Pubblicazione:giovedì 14 luglio 2011 - Ultimo aggiornamento:domenica 1 gennaio 2012, 20.59

Foto Ansa Foto Ansa

Quattordici donne stroncate dalla RU486 nei soli Stati Uniti. Sono i dati del nuovo rapporto della Food and Drugs Administration (Fda), l’organismo del governo Usa che vigila sul corretto utilizzo dei farmaci, di cui Ilsussidiario.net è in grado di pubblicare i contenuti in anteprima esclusiva per l’Italia. In pratica cinque morti in più rispetto a quelli registrati dalla ricerca finora più autorevole, uscita sul New England Journal of Medicine, in cui si parlava di nove decessi. Un dato che indica il fatto che almeno un caso di morte su tre era stato tenuto segreto (ed è probabile che ve ne siano molti altri). Per non parlare dei 58 casi di gravidanze ectopiche collegate alla RU486, in cui cioè l’ovulo fecondato si impianta al di fuori dell’utero, con effetti gravissimi sulla salute della donna. Ma anche 336 emorragie, 256 infezioni di cui 48 gravi, 612 ricoveri d’urgenza in ospedale e più in generale 2.207 donne che hanno riportato effetti nocivi per colpa della RU486. I dati, aggiornati al 30 aprile 2011, parlano in totale di 1 milione e 520mila donne americane che hanno fatto uso finora del mifepristone, il principio attivo della RU486. Per comprendere se si tratti o meno di un’incidenza significativa dal punto di vista medico, Ilsussidiario.net ha intervistato il ginecologo Leo Aletti.

 

Professor Aletti, può spiegare che cosa sono le gravidanze ectopiche e qual è la loro relazione con la RU486?

 

Come è noto, ciò che distingue la RU486 dall’aborto chirurgico è il fatto che la sua prescrizione avviene in modo automatico. E questo spesso avviene senza controlli adeguati, anche perché una semplice ecografia non è sufficiente a stabilire se esistano rischi di complicazioni. Il problema è che in alcuni casi l’ovulo fecondato, invece che nell’utero, si impianta nelle tube.

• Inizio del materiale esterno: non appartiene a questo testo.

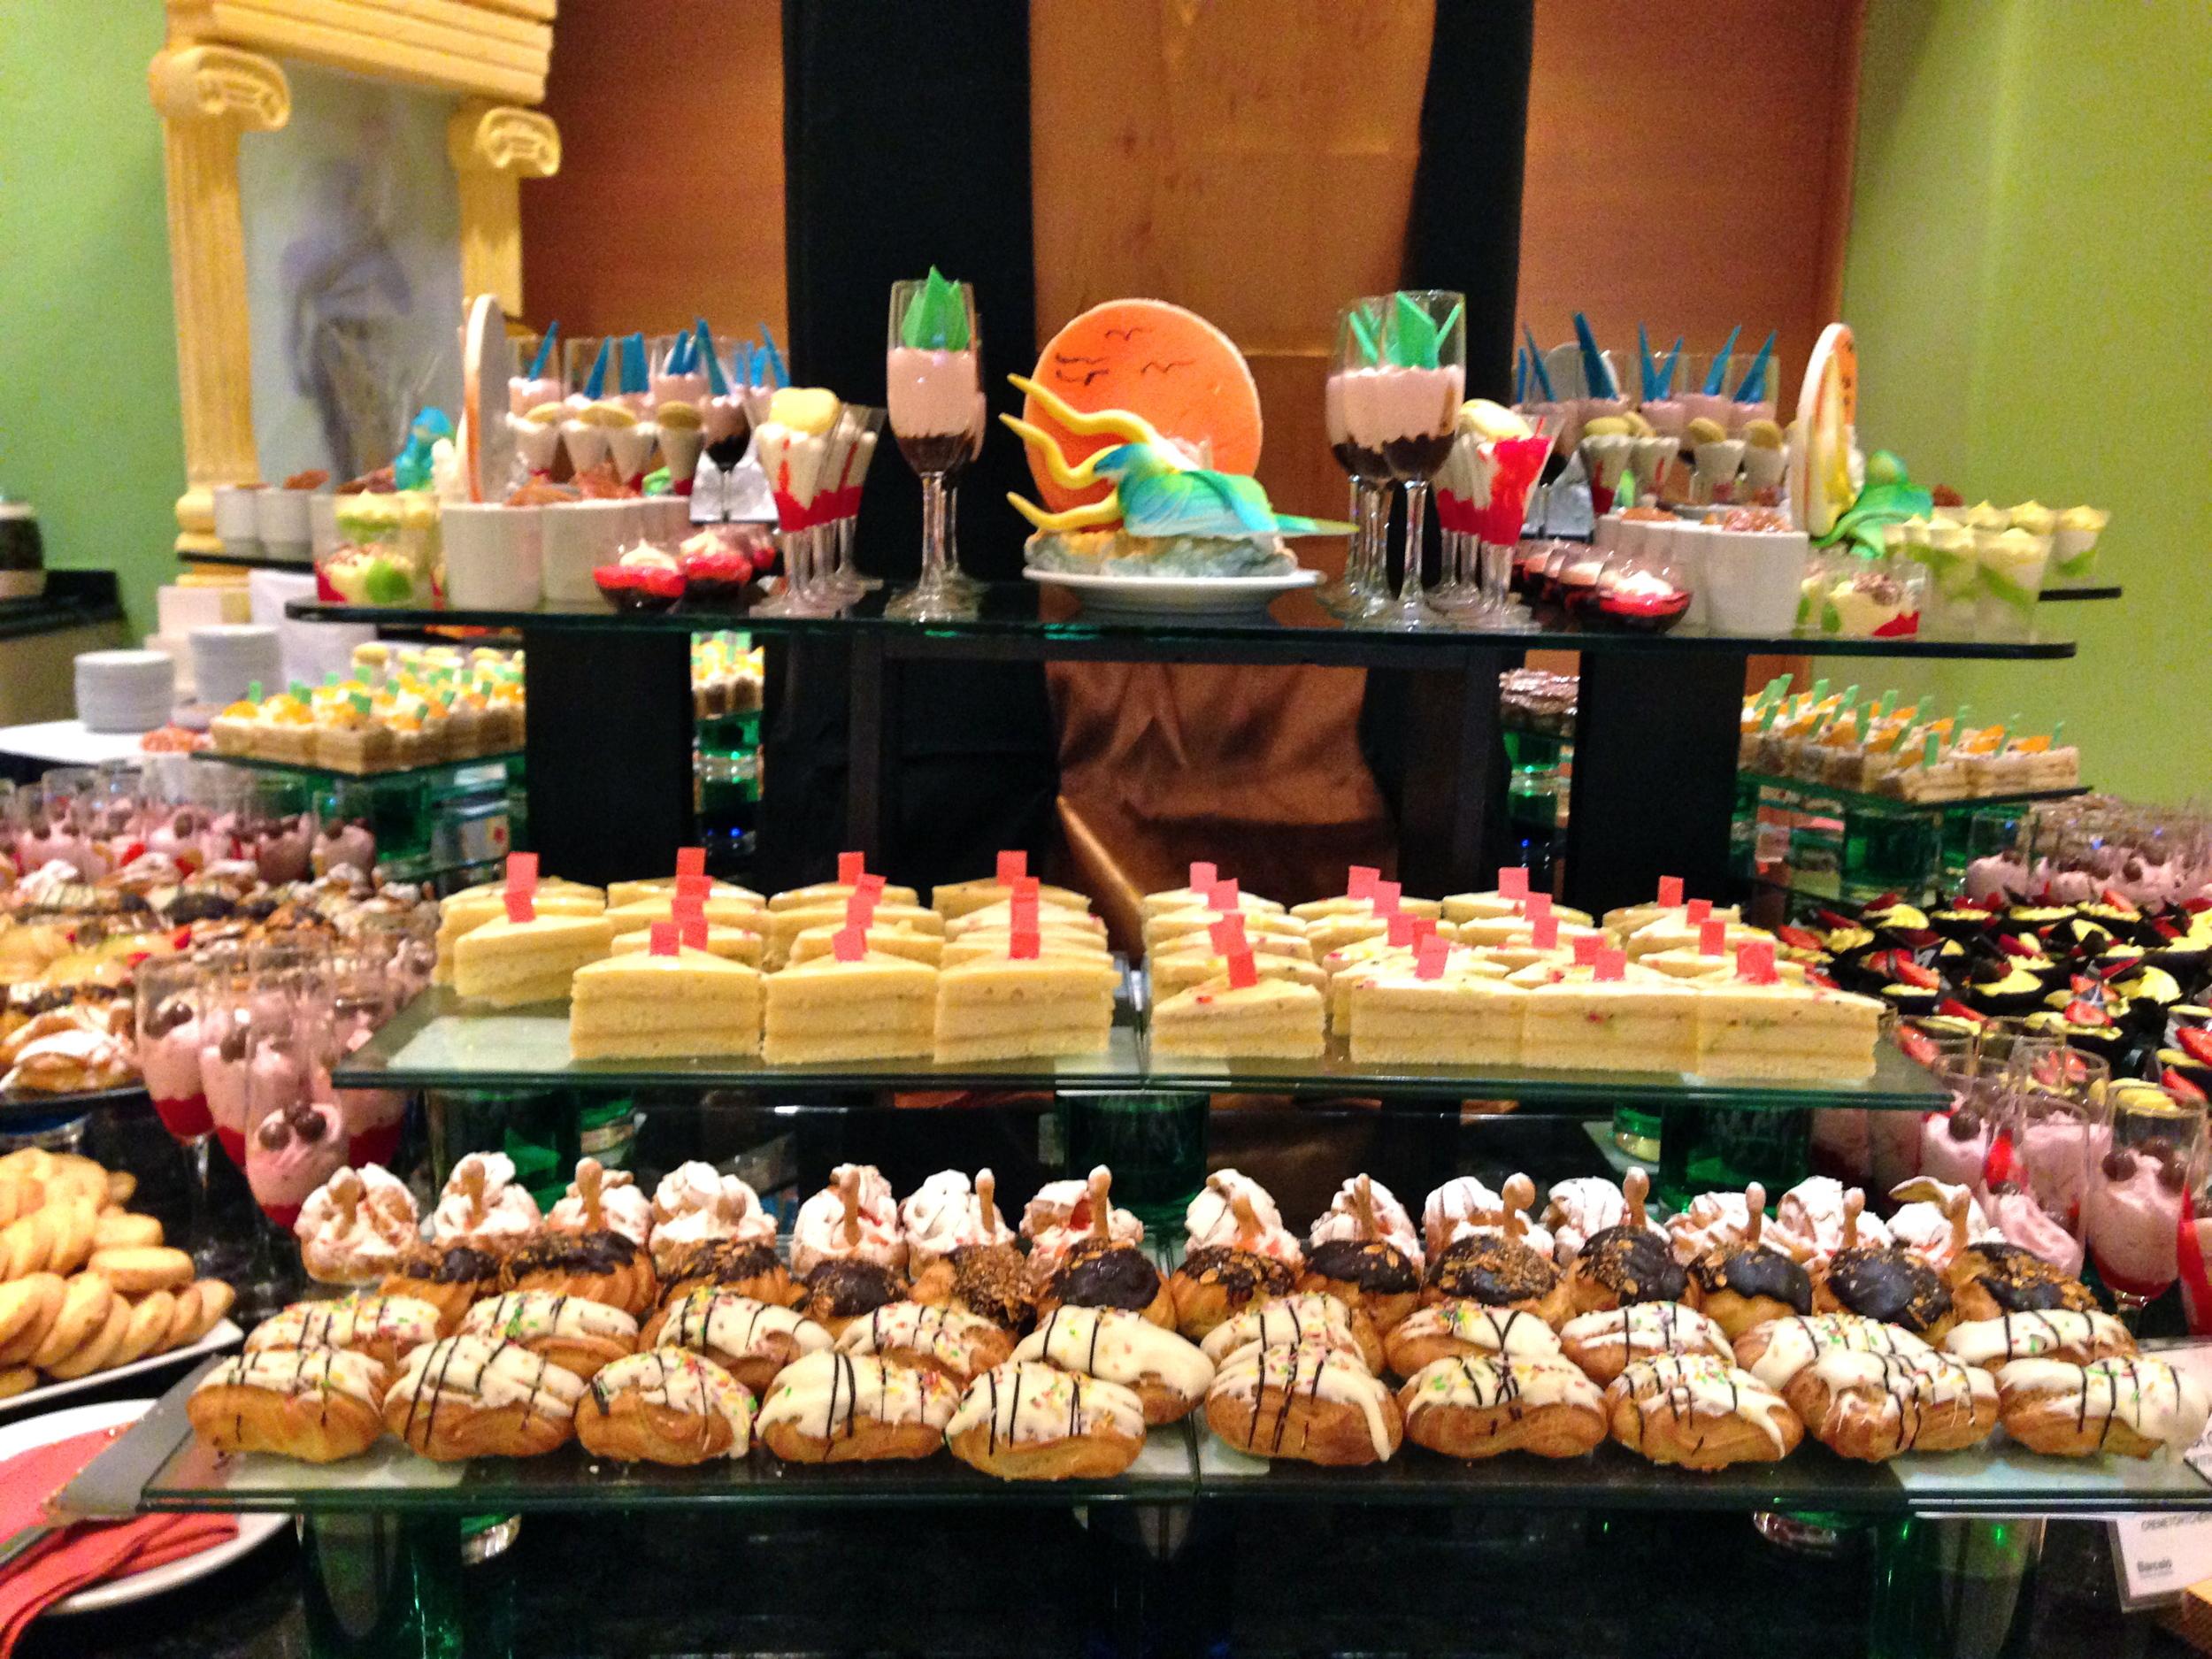 umm, DUHH I had to capture the wonder of this dessert table.

La paziente assume la RU486, è convinta di avere abortito e non si sottopone a nessun ulteriore controllo. In realtà è ancora incinta e, quando la tuba si rompe, ha un’emorragia e muore senza alcuna assistenza medica. In tutti questi casi quindi prescrivere la RU486 non corregge certo il problema, ma aggrava il quadro clinico.

 

Per quale motivo?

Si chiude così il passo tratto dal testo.